The world is, of course, correct, I tried pushing this 3SAT inside Minisat and it did not manage to find any good solution for a long time and I gave up. Luckily, I could push it to the integer programming solvers and optimize the coverage of the books. Greedy solution from the previous solution gives 98% coverage (which results in ~5,006,820 points) which is already great. Some code prototype of the integer programming reduction can be found here. After 2-3 hours of waiting I got 99.75% of the coverage which resulted finally in 5,096,260 points. The solution you can find here. Solving it optimally is a really hard problem but having the 99.75% coverage is quite good.

So many books

This is the dataset I liked the most, overall I didn’t manage to prove something interesting here but at least I can tell how I was solving it. In this dataset the order of the libraries matters a lot and linear program is possibly only when the order of the libraries is fixed, then we can optimally choose which books should be chosen from which libraries. I decided to run a greedy solution and only somehow chose the books and got around ~5,100,000 points. Then I did not know how to correctly assign the books to the libraries and I just used the solver of the fixed order of the libraries and got ~5,200,000 points, so it turned out that optimal assignment gives lots of more points. Then I found out that the optimal assignment ignores cheap books aggressively and in greedy solution I started to choose which books I should account for the greedy solution choice, in the end I counted only the books with 99+ score and finally got 5,235,423 points which you can check with this solution and this linear program which worked for 10 seconds, so finding the optimal score for a greedy solution was pretty doable.
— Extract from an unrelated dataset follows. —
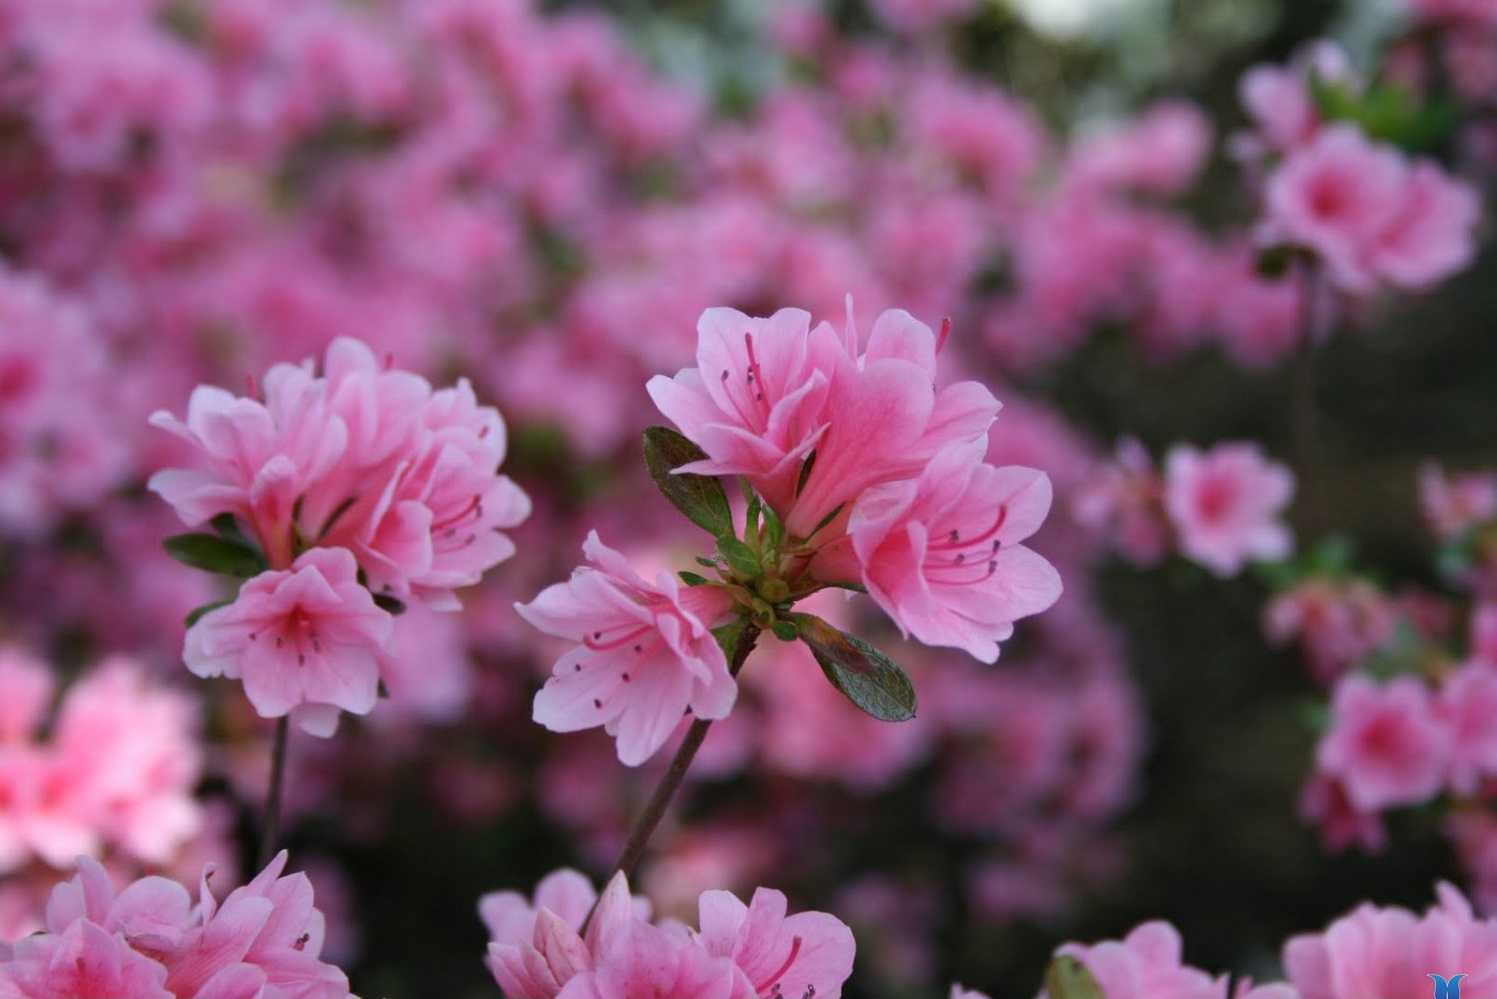 Tìm hiểu tháng 4 là hoa gì và ý nghĩa của hoa đó trong văn hóa địa phương

I do believe this dataset has much inside it and can be cracked better than by me. Still, I got +120k from the greedy solution which possibly gave me so many points.

Libraries of the world

This dataset is a bit easier than the previous one because installation time is quite big and the day count is rather small. It turned out that likely optimal solutions are in a range from 15 to 18 libraries and this is a good number to try different permutations, some random removals and new additions. That I was doing — remove half of the libraries, add greedily to match the needs, run the solver (which solved optimally in 5ms), so I managed to try around 3-4 billion different permutations and variants. In the end simple greedy solution gave me ~5,312,895 points and I managed to get with this algorithm 5,343,950 points which you can check here. I think this value is not far from optimal, otherwise the solution is too far from the greedy one which I personally don’t believe given number of the variants I’ve tried.

Conclusion

I want to say that optimization problems arise in software engineering from time to time and it is essential to try some combinatoric solutions with the solvers — they can help find some interesting dependencies and optimize better your own solutions. Also, as there are many different solvers, it is easy to try them out given that or-tools already implemented a proxy where you can just change 1 parameter.

Also, hashcode is very fun to solve.